Even as on a personal level I am pained to see the job losses of this stature, I could not help but have the last laugh. I did my MBA from Chetana's Institute of Management & Research between 1998 and 2000. As I was on my college's placement committee, I was required to visit several companies and ensure that their HR officials got our placement brochures. A placement brochure is a document that contains basic details (name, age, details of summer project and work experience, if any) of all the students in their final year. Among the companies I had visited was one called Lyyods Finance at Nariman Point. After making me wait for a good half hour and then another 15 minutes to go through the brochure (in detail, as  if they were searching for their long-lost brother or sister or something), one of the two snooty ladies looked at me and with a very sly smile said "We only recruit students from A-class colleges like Jamnalal Bajaj, NMIMNS, etc". She obviously meant to say that her company was out of my institute's league! 

Less than a month after that, I got recruited by my current organisation from the campus itself (I have completed seven and half years here now). And just two years after that, Llyods Finance faced its worse crisis in India - it got downgraded from AAA-rating to a below-investment grade type rating. Its days in India were soon numbered and went into oblivion. 

I have got nothing against IIM graduates. More often than not, we can be reasonably sure that the downfall of these institutions should be credited to their CEOs and top managements where an IIM hand would be negligible to nil. And out of Lehman's 26,000-odd employees, IIM graduates will mostly be a very small proportion. 

I am not at all claiming here that Lloyds Finance or any of those Wall Street losers would have met a different fate had they recruited me or anyone from any of the second-rung management institutes like the one I passed out from or anything like that. But the HR staff of such organisations should revisit their recruitment policies. Egoistic firms that swear only by students of IIM-type institutions should also realise that there are pickable candidates elsewhere too. Even B-grade institutions like Chetana's Institute of Management - my institute - churns out good students every year. But alas - the world is full of hypocrites! I only hope that the collapse of these Wall Street biggies teach others a lesson that recruiting IIM-type cadres does not ensure an organisation's success. And that talent - if you may - is also available outside IIM-type institutions. 

Comments

  1. Hey Slash,
    Nice analysis. Ever since the MBA era came post the doctor and engineer eras in 1990s, young wannabes have been scrambling to get through the IIMs and other "top" institutes.
    While I am not debating about rankings, we definitely have IIM guys in the senior management of the Wall Street biggies who had a great fall. Anyways, the fascination of companies with IIMs etc. is certainly palpable.
    I graduated from JBIMS this year; and I do not see myself any less capable than any IIM guy or fro the other so-called "lesser ranking" institutes. Yeah yeah, I could not solve those three more questions in the CAT/CET/XAT etc. that I am in whatever institute I am, that doesn't take my intelligence outta me :)

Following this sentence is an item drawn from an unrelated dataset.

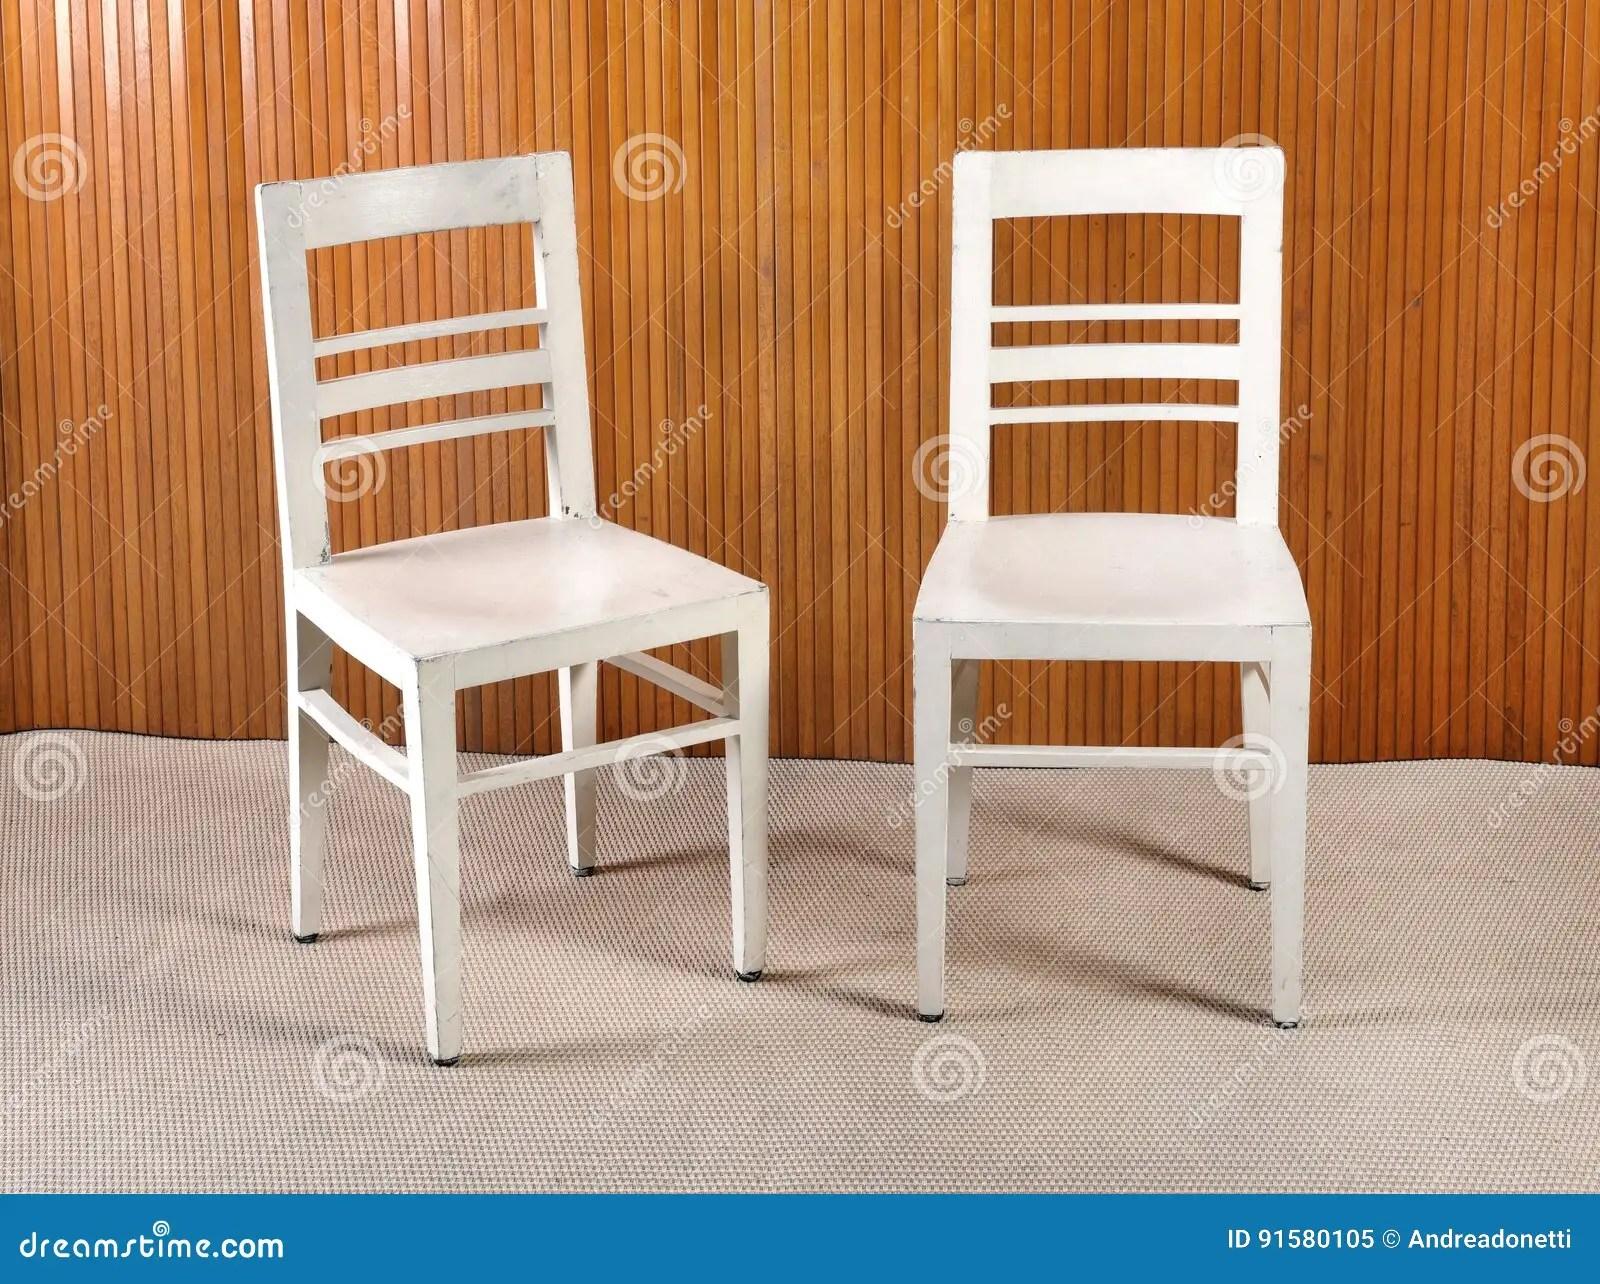 wood kitchen chairs price pfister faucet replacement parts 两把简单的白色被绘的木厨房椅子库存图片 图片包括有位子 厨房 家具 两把简单的白色被绘的木厨房椅子

    You might want to read this - http://incognito6174.googlepages.com/iitjee

    ReplyDelete
  2. Thanks Himanshu for your comments. While I attempted to throw a light on the defunct HR policies of many organisations, you are talking about the very education policies that form the foundation of these so-called top institutes that firms with such HR policies make a beeline for. You are right; marks alone are not the best indicator as to who deserves that coveted seat. A student who missed getting into IIT / IIM by a mark or three is not any less than those who just managed to scrape through.

    ReplyDelete
  3. Sorry Himanshu, I forgot to mention about your piece. I read it and quite liked it. You make a valid point

    ReplyDelete

Post a Comment

Popular posts from this blog

US-64 DRAWS TO A CLOSE; WHAT SHOULD YOU DO?

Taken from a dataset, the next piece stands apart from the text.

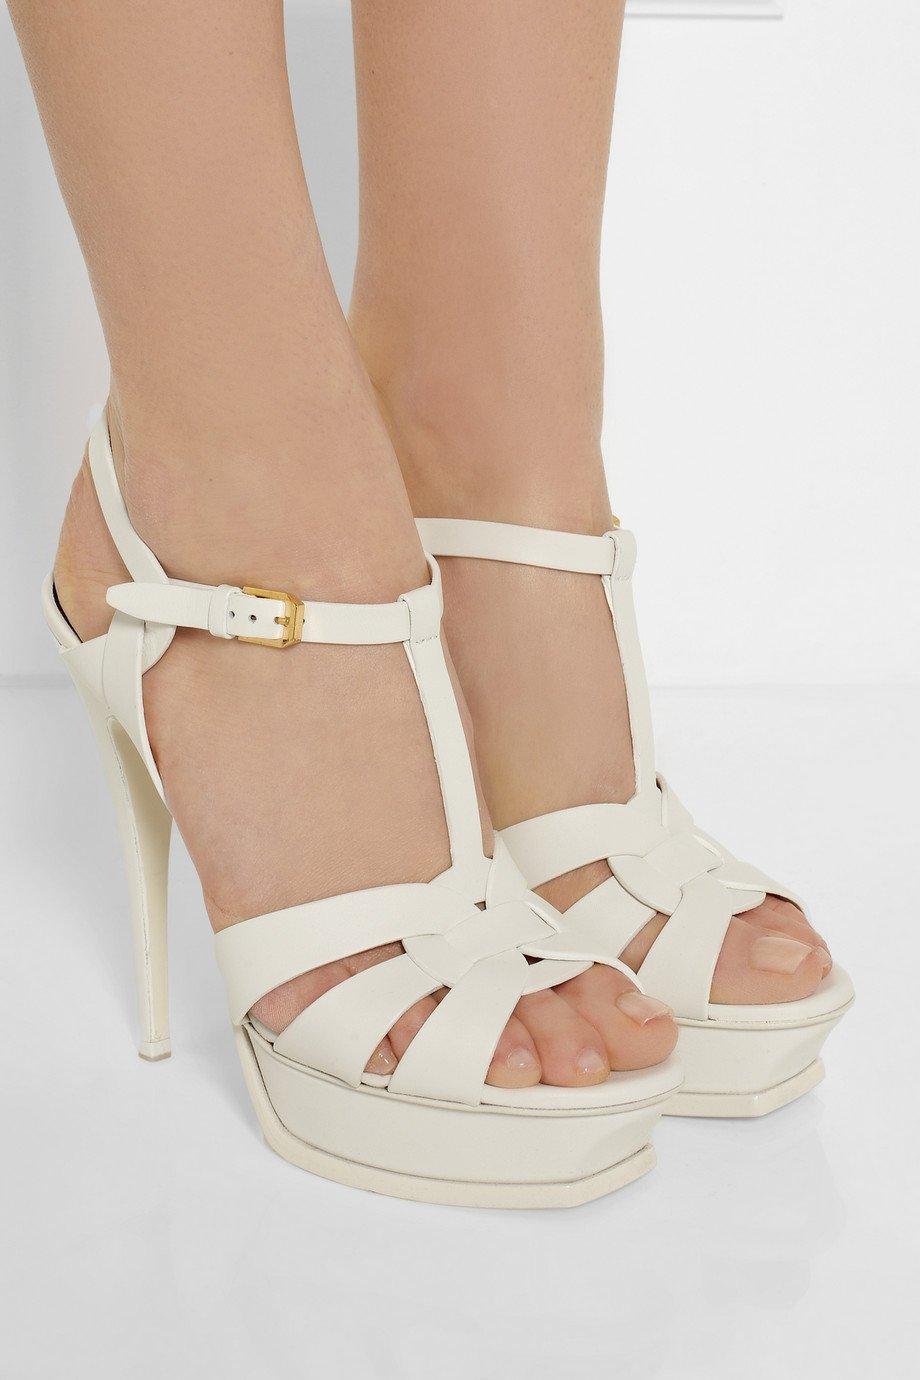 Lyst Saint Laurent Tribute Leather Platform Sandals In White

As the country oldest mutual fund scheme, now US-64 Bonds, are set be redeemed, it’s tough to find an equally alternative investment. There are some that come closeThe oldest mutual fund scheme in India, Unit Trust of India (UTI)’ Unit Scheme – 64 (US-64), will soon be no more. After more than 40 years of existence, curtains will fall on the US-64 bonds that mature on 31 May 2008. UTI has already sent out letters to all bond-holders about the redemption; investors are told to submit their original certificates, take their money back and leave.

For investors like Kolkata-based, Kumaresh Mukherjee, 72 it’s the end of an era. Soon after he retired from Philips India, he invested his provident fund corpus in fixed – return instruments like company fixed deposits. An electrical engineer by profession, in 1995 he also invested Rs 12 lakh or around one-third of his retirement corpus in the erstwhile US-64. After years of above-average returns, then trapped doors and turmoil that shook the Ind…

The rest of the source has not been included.